In the phase II AMPECT trial reported in the Journal of Clinical Oncology, Wagner et al found that the mTOR inhibitor nab-sirolimus produced a substantial rate of durable responses and a high disease control rate in patients with malignant perivascular epithelioid cell tumors.

As stated by the investigators, “Malignant perivascular epithelioid cell tumor is a rare aggressive sarcoma, with no approved treatment. To our knowledge, this phase II, single-arm, registration trial is the first prospective clinical trial in this disease….”

Study Details

The trial enrolled 35 patients between April 2016 and November 2018 at nine U.S. centers. Patients received nab-sirolimus at 100 mg/m² intravenously once weekly for 2 weeks in 3-week cycles until disease progression or unacceptable toxicity. The primary endpoint was objective response rate by 6 months on independent radiology review.

Responses

Among 31 patients evaluable for efficacy, objective response by 6 months was observed in 12 (39%, 95% confidence interval [CI] = 22%–58%), with complete response observed in 1. An additional 16 patients (52%) had stable disease; 9 had stable disease for ≥ 12 weeks, yielding a disease control rate of 71%. Response occurred within 6 weeks in 67% of responders. Median duration of response was not reached after a median follow-up of 2.5 years; at last follow-up, 7 of 12 responders remained on treatment (range = 5.6–47.21 months). Among 25 patients with tumor profiling, response was observed in 8 (89%) of 9 with a TSC2 mutation vs 2 (13%) of 16 without a TSC2 mutation (P < .001).

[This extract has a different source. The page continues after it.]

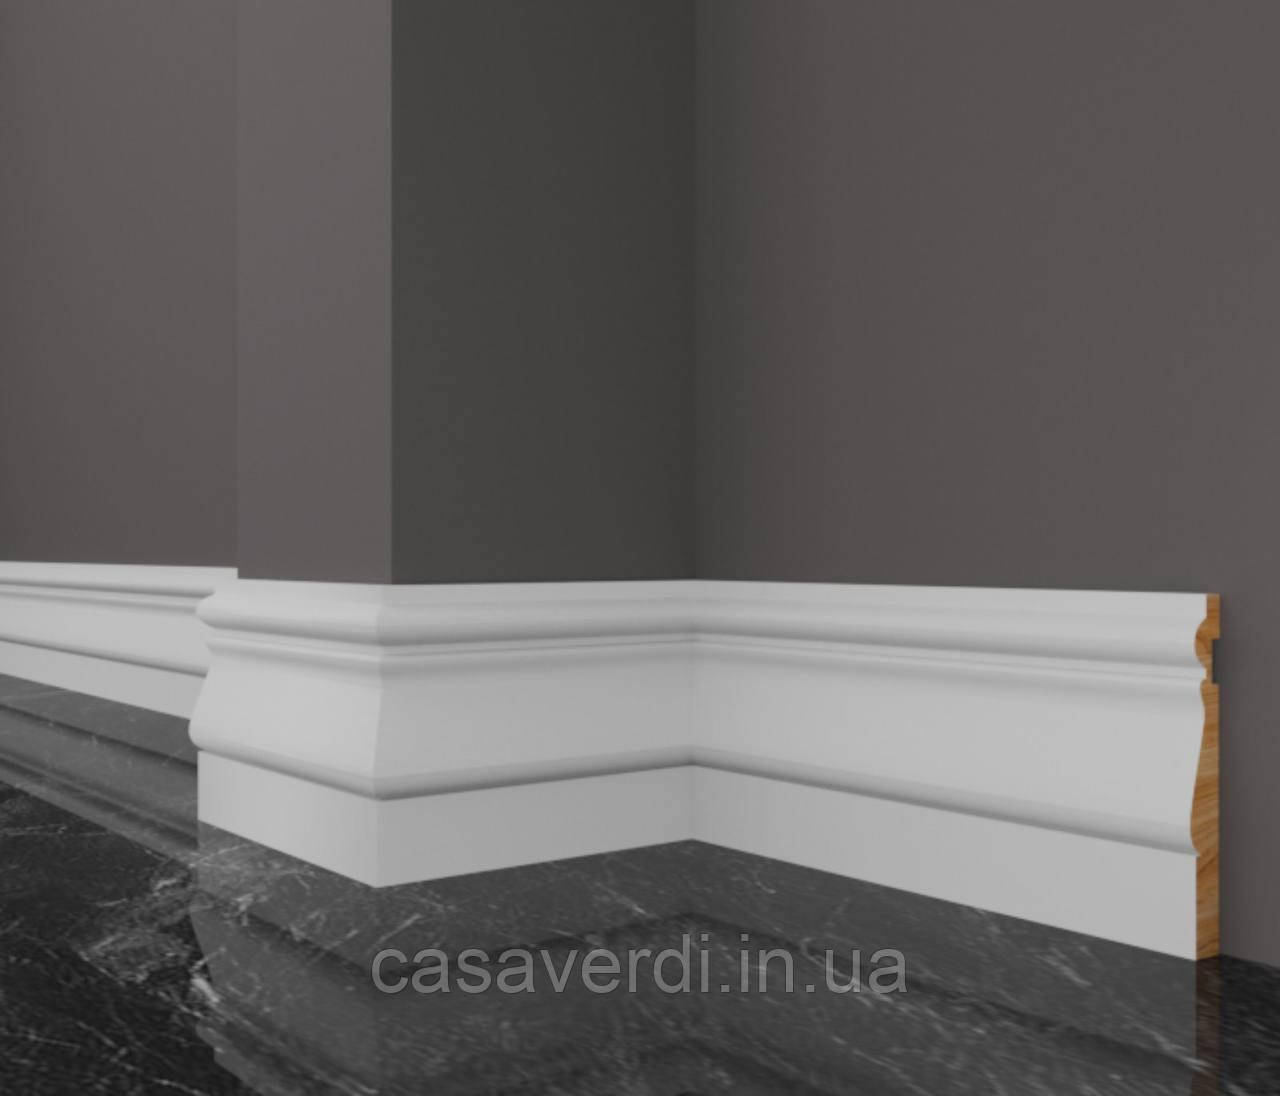 Плінтус Casa Verdi Classic 10 см білий з масиву вільхи

Median progression-free survival was 10.6 months (95% CI = 5.5 months–not reached) and median overall survival was 40.8 months (95% CI = 22.2 months–not reached).

Adverse Events

Among 34 patients evaluable for safety, the most common nonhematologic treatment-related adverse events of any grade were mucositis (79%), fatigue (59%), and rash (56%); the most common hematologic events of any grade were anemia (47%) and thrombocytopenia (32%). The most common treatment-related grade 3 adverse events were mucositis (18%), anemia (12%), and hyperglycemia (9%); no grade 4 or 5 events were observed. Noninfectious pneumonitis occurred in 18% of patients (all grade 1 or 2). Treatment-related serious adverse events occurred in 24%, most commonly metabolism/nutrition disorders (4 of 12 total events) and gastrointestinal disorders (3 events). Treatment-related adverse events led to discontinuation of treatment in two patients (due grade 2 anemia and grade 1 cystitis, respectively). 

The investigators concluded, “Nab-sirolimus is active in patients with malignant perivascular epithelioid cell tumors. The response rate, durability of response, disease control rate, and safety profile support that nab-sirolimus represents an important new treatment option for this disease.”

Andrew J. Wagner, MD, PhD, of Dana-Farber Cancer Institute and Harvard Medical School, is the corresponding author for the Journal of Clinical Oncology article.

Disclosure: The study was funded by an FDA Office of Orphan Products Development grant and by Aadi Bioscience. For full disclosures of the study authors, visit ascopubs.org.